Leave every picture out, and give again exactly the lines from the one containing "Make Your Own" through the end of the listing.

• AVAILABLE DATA:

━━━━━━━━━━

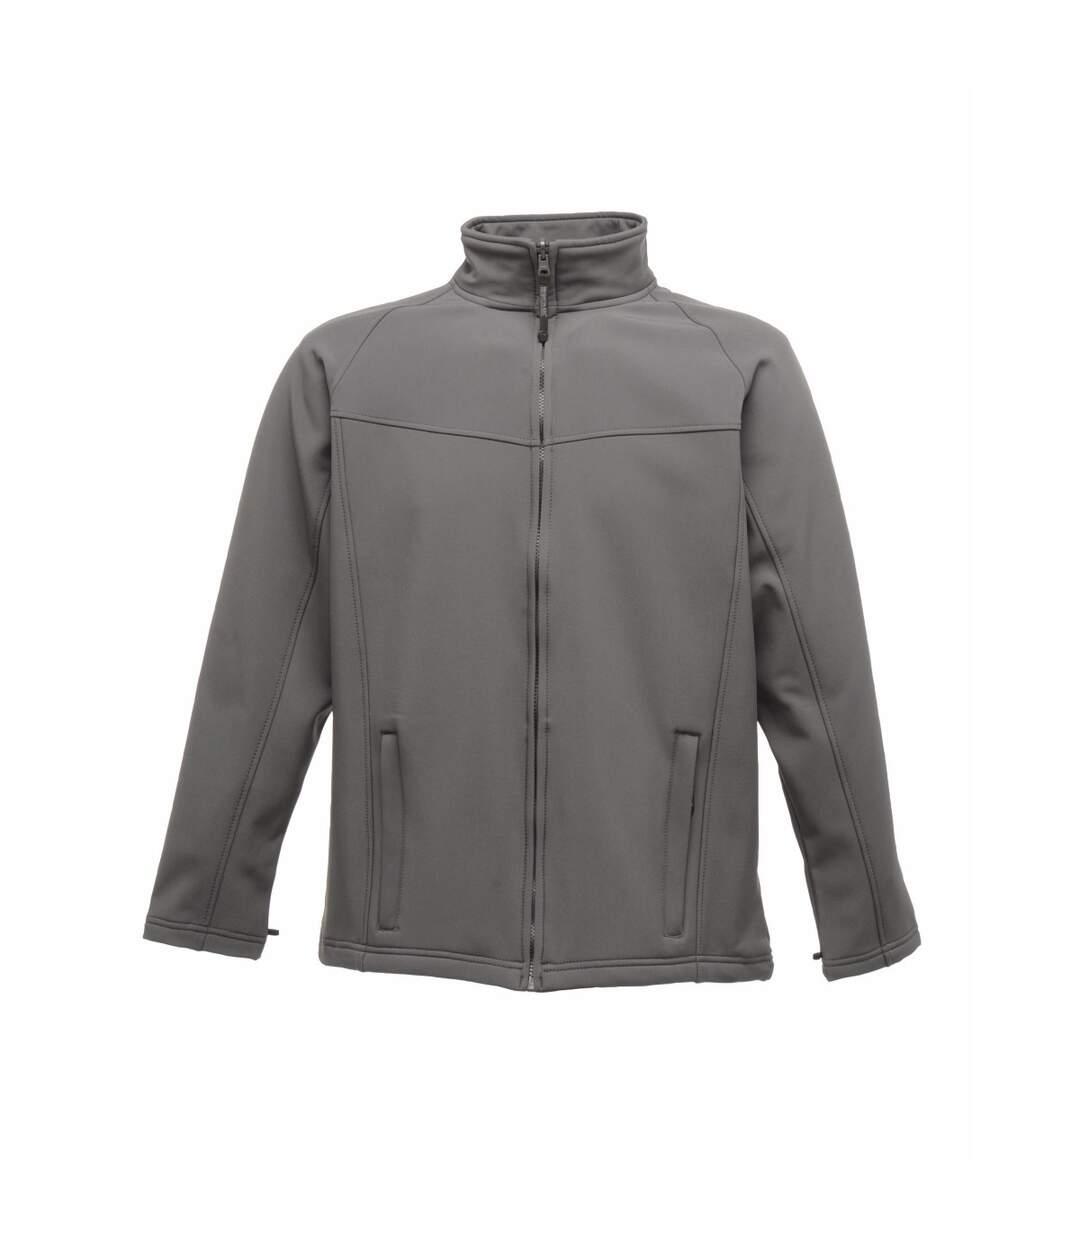 Regatta Professional Mens Uproar Softshell Wind Resistant Fleece Jacket (Seal Grey) - UTBC811
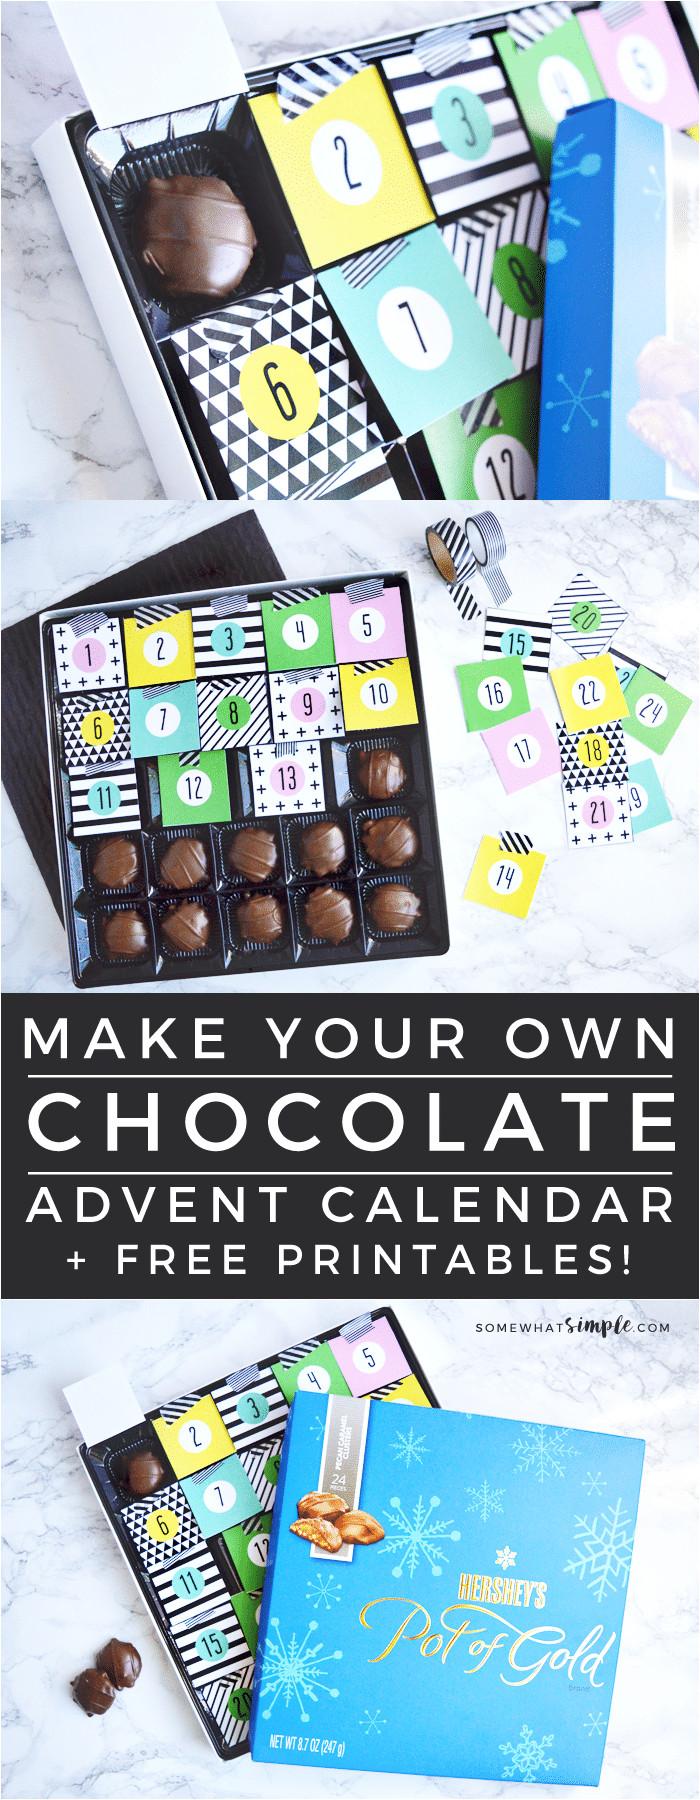 Make Your Own Advent Calendar Template Diy Chocolate Christmas Advent Calendar Free Printables
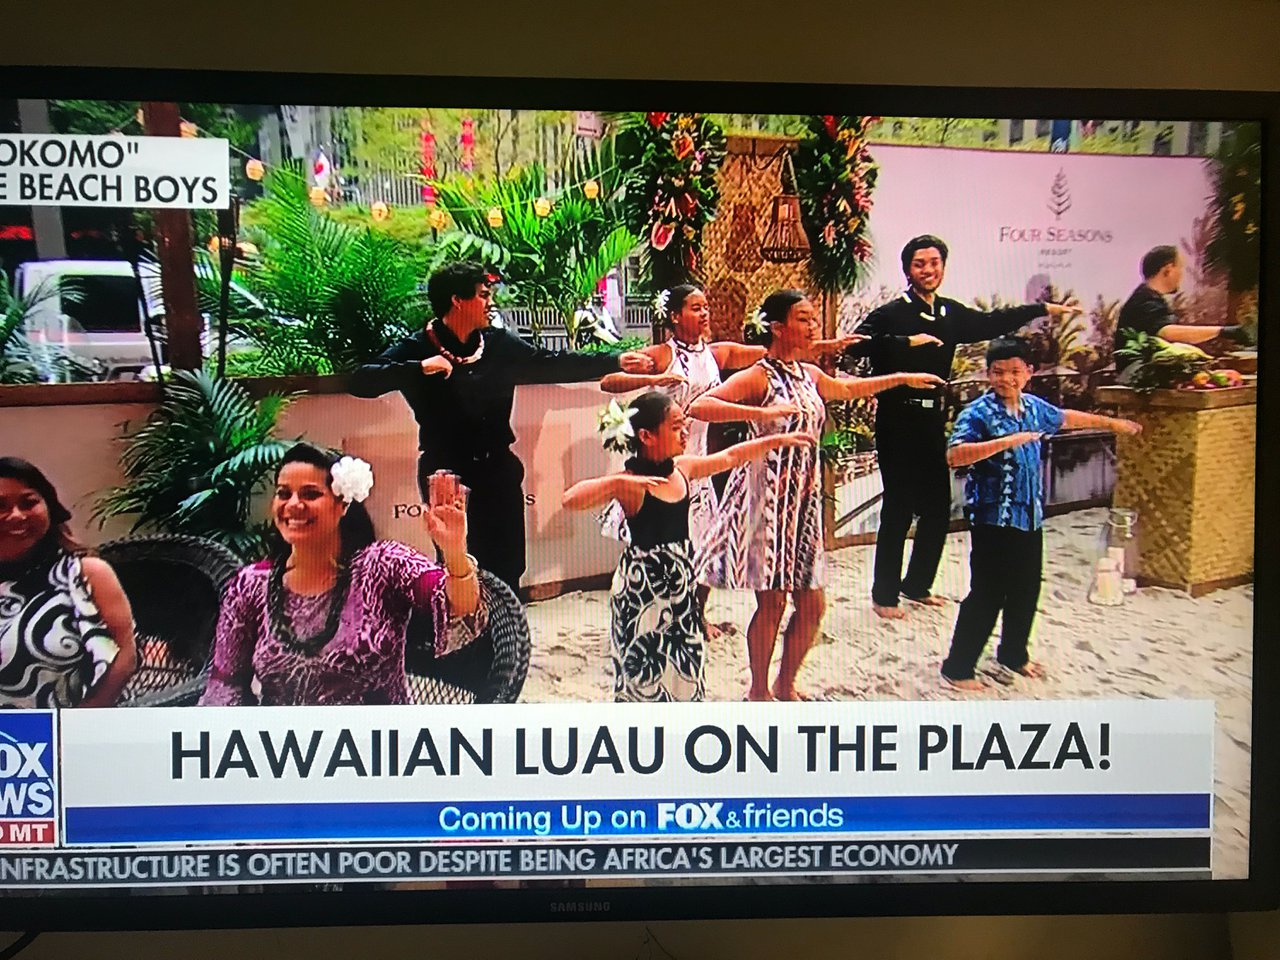 Hawaiin Luau on the plaza photo IMG_6917.jpg

━━━━━━━━━━

• THE COMPLETED TASK:
 Make Your Own Advent Calendar Template Diy Chocolate Christmas Advent Calendar Free Printables
 Hawaiin Luau on the plaza photo IMG_6917.jpg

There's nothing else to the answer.